TASK STATEMENT:
Once you find the line with "Vanilla - tělový a masážní olej 50" in the data below, transcribe exactly each line from there to the line with "Cette table basse", inclusive, and nothing else. Drop the pictures.

DATA LISTING:
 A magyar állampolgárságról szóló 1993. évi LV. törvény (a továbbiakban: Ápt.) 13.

---

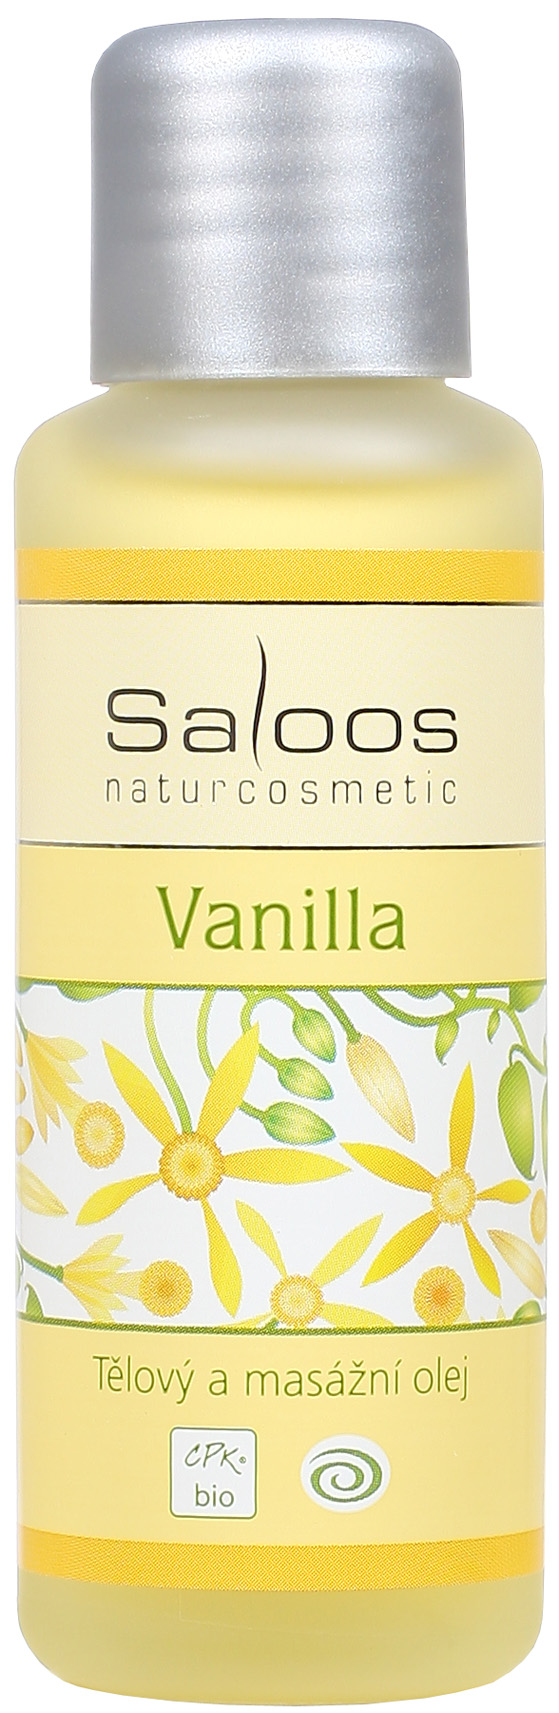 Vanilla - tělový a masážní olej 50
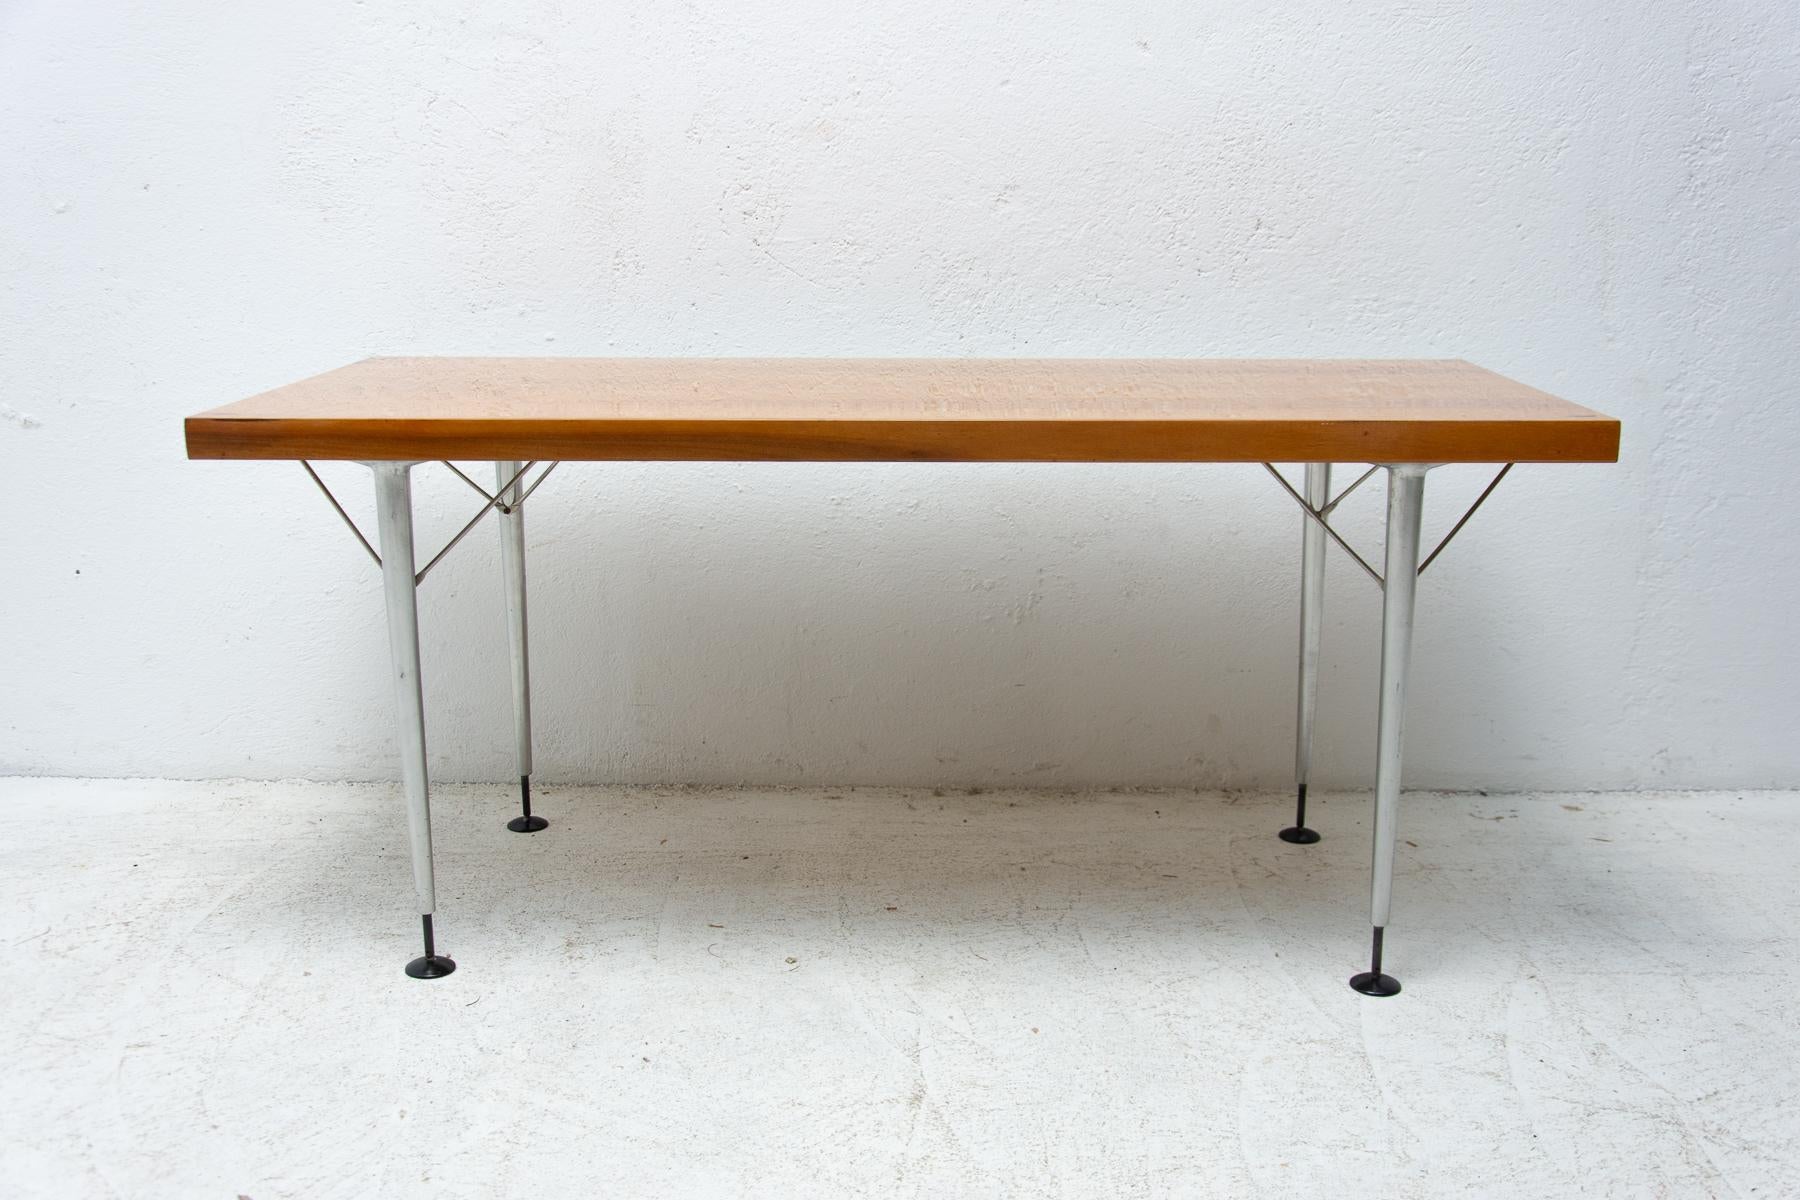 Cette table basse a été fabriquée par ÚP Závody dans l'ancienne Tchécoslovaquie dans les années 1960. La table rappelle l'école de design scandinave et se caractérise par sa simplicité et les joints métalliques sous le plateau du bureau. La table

RESULT OF THIS EXERCISE:
 Vanilla - tělový a masážní olej 50
 Cette table basse a été fabriquée par ÚP Závody dans l'ancienne Tchécoslovaquie dans les années 1960. La table rappelle l'école de design scandinave et se caractérise par sa simplicité et les joints métalliques sous le plateau du bureau. La table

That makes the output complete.